4 How much more can India take? (Paul Beckett in The Wall Street Journal) It was an act against a young person that, even by the grisly standards of the daily crime pages, was so horrendous that people were outraged. This was the story of “Baby Falak,” the two-year-old girl whose plight gripped the nation earlier this year as she battled for life then succumbed to her injuries. The victim of a gruesome sexual assault on a bus in New Delhi on Dec. 16, who died early Saturday, was 21 years older than Falak. But their stories, the public confrontation they unwittingly prompted, and the grief that they generated in their passing have much in common. And both incidents, happening in the nation’s capital within 12 months of each other, beg the question: What will it take to change?

In both cases, the public felt a deep connection to the victim. They monitored, via the breathless coverage of 24-hour television news channels parked outside the hospital, their medical roller-coaster. For a while, in both cases, doctors sounded cautiously optimistic about a recovery. Falak was dubbed “India’s Baby.” The young woman became “India’s Daughter.” As they struggled to live, their plights attracted attention worldwide.
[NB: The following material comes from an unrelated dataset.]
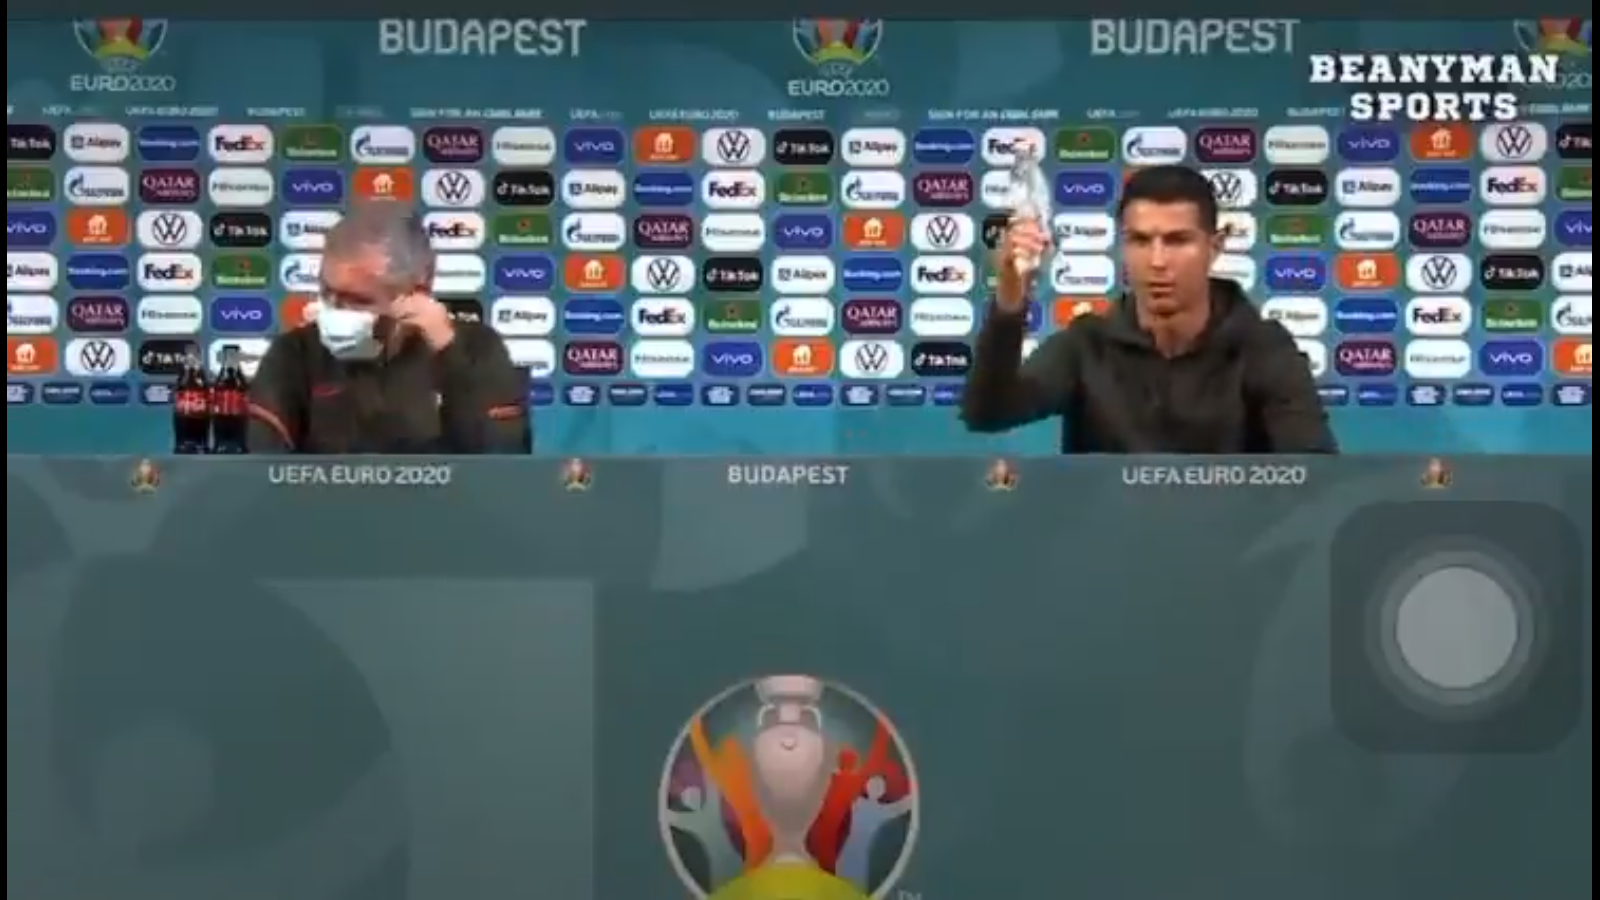 Cristiano Ronaldo levantando una botella de agua después de quitar dos de coca cola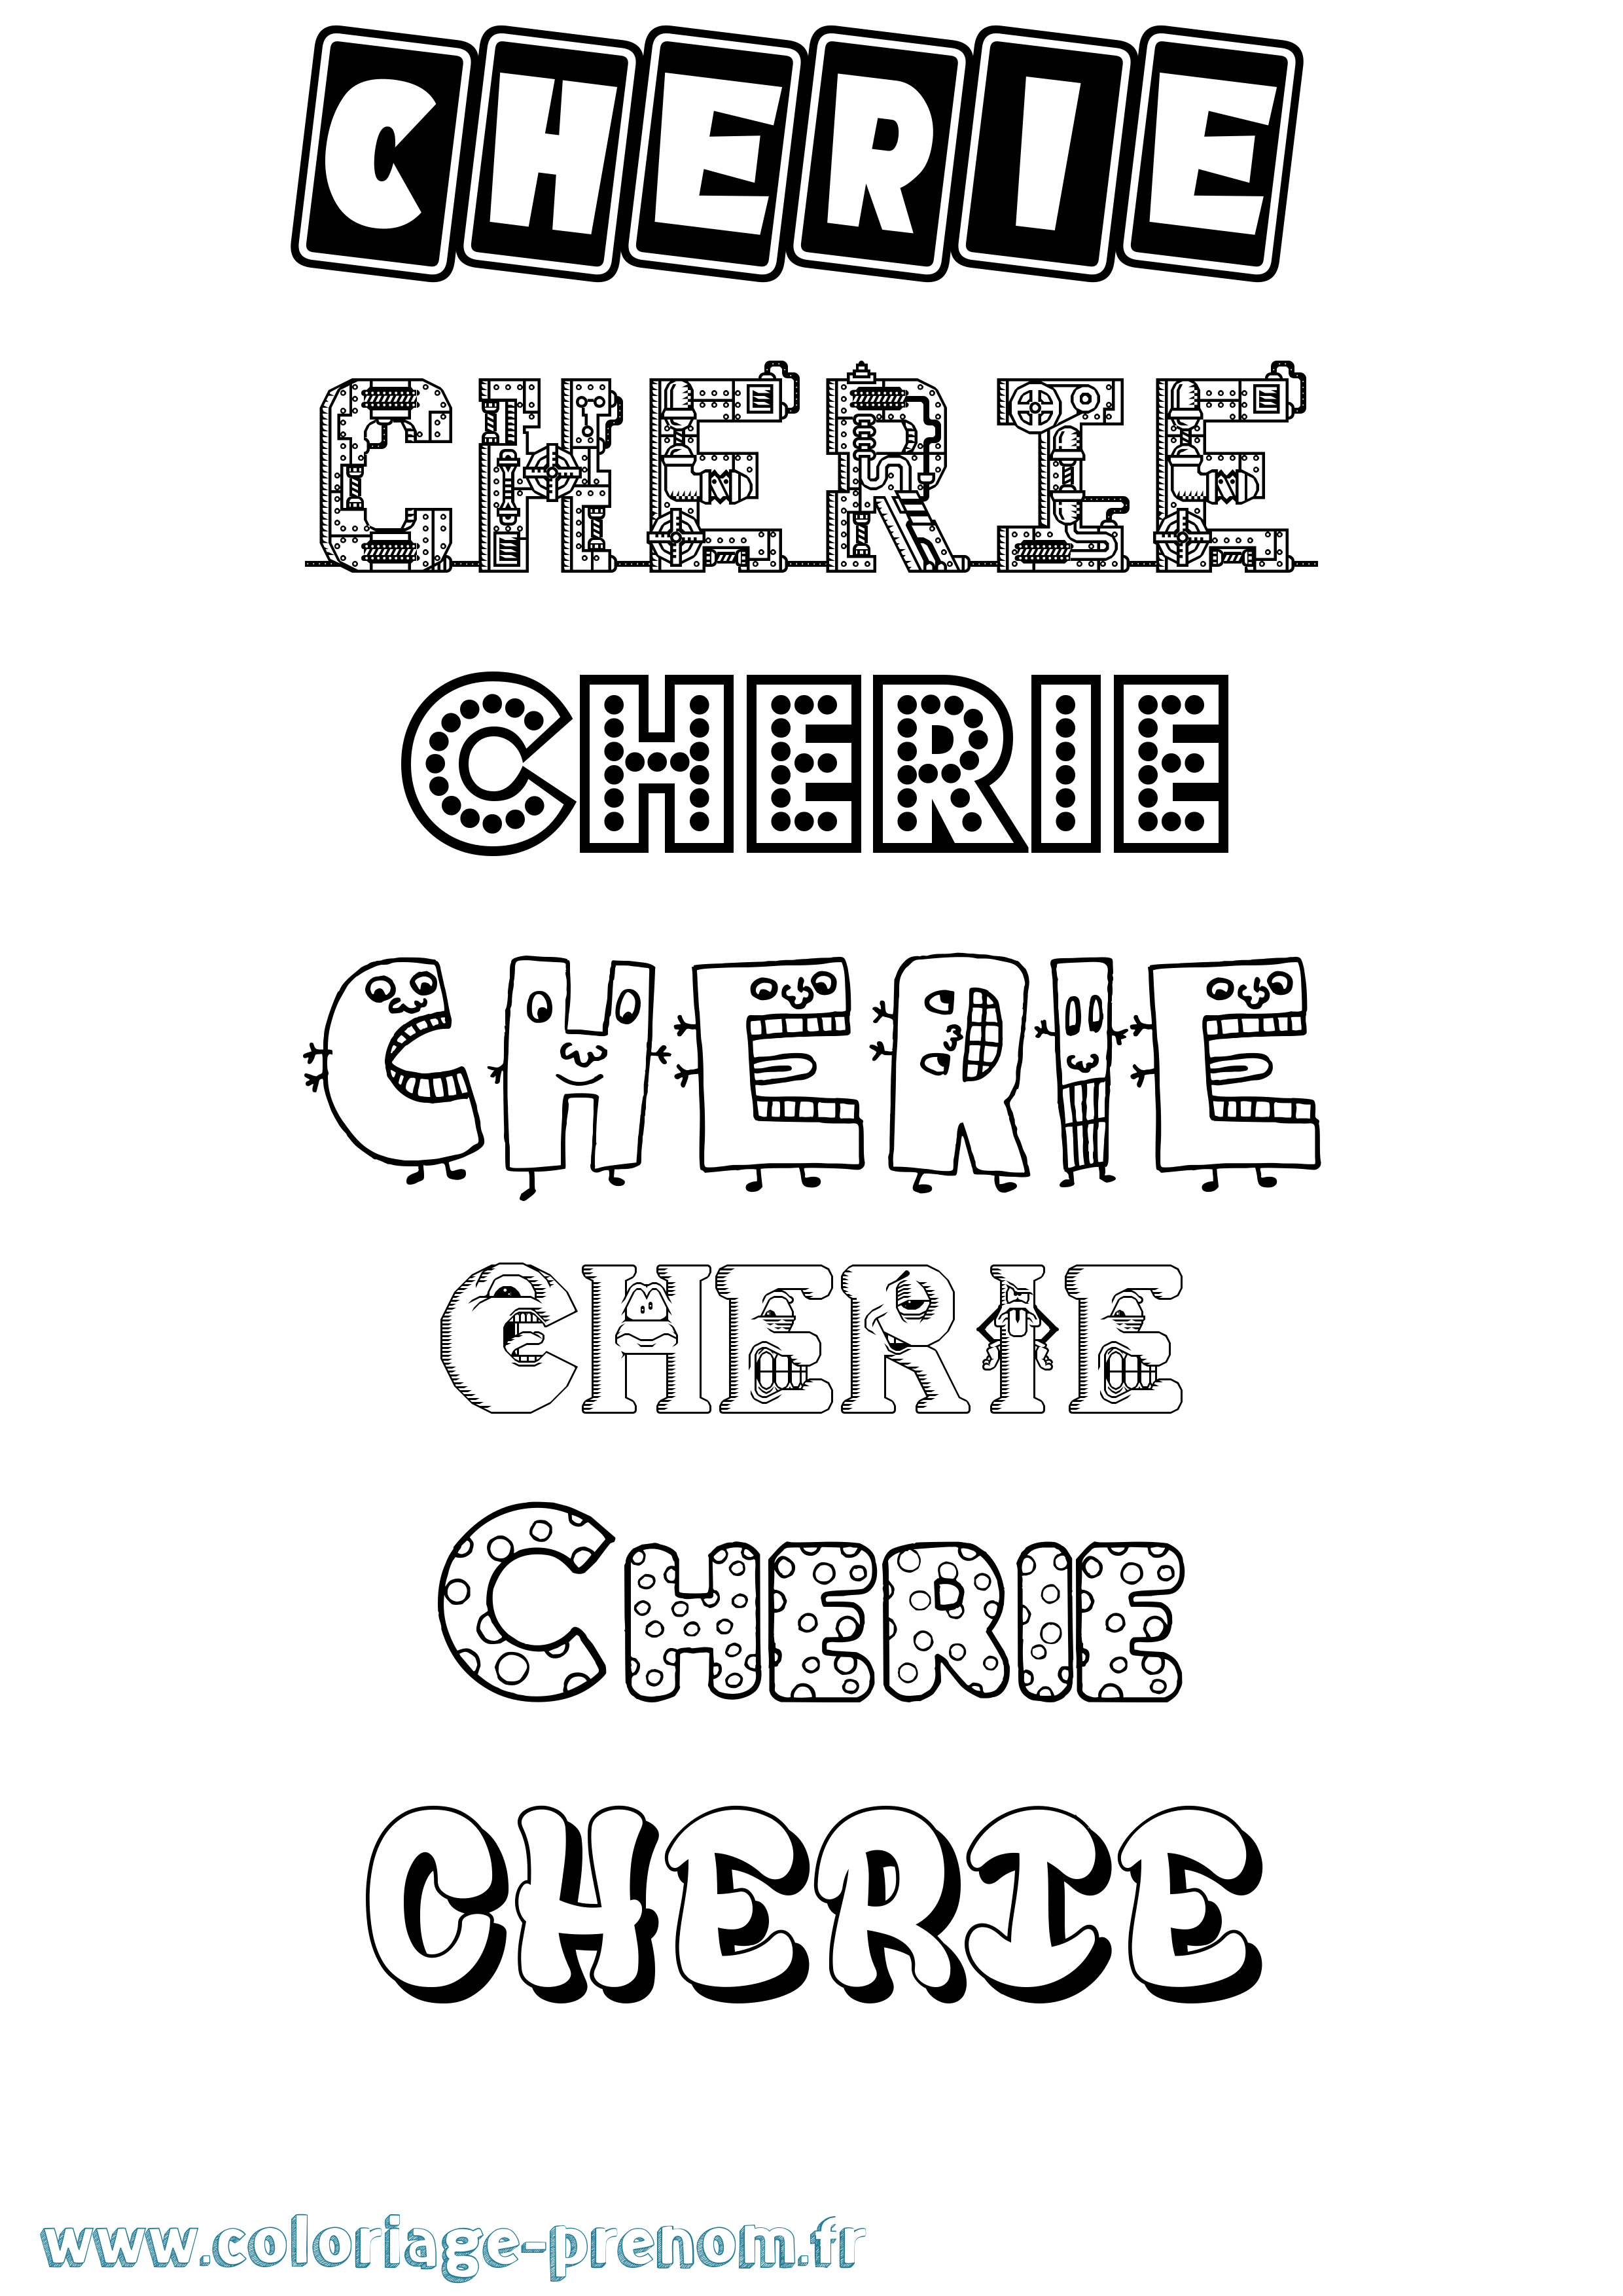 Coloriage prénom Cherie Fun

It will not be enough simply to yell at the political class and the guardians of our collective safety then throw up our hands in disgust. Rather, it will take massive – yes, massive – reforms. Of the police , in terms of the number of officers on the street, the training that those officers have, and whatever incentive — positive or negative — that they need to take crimes against women seriously.

Of the legal system, so that when another rape occurs, the public is confident that the wheels of justice will move swiftly and effectively. Of the political class, which needs to respond faster and less defensively while, judging by the standards of the president’s son, engage in a wholesale change of attitude toward those who would criticize them.

Of India’s chauvinistic men, many of whom clearly see women as inferior and see no issue, therefore, in abusing them without fear of consequence. All that will take engagement at a time when the overwhelming temptation for many will be to fume on Twitter then mentally withdraw. Politicians must engage, too. And, if they don’t, they must be punished in the only way that they appear to understand: Removal at the ballot box, where voters have a recurring chance to prove that they don’t forget.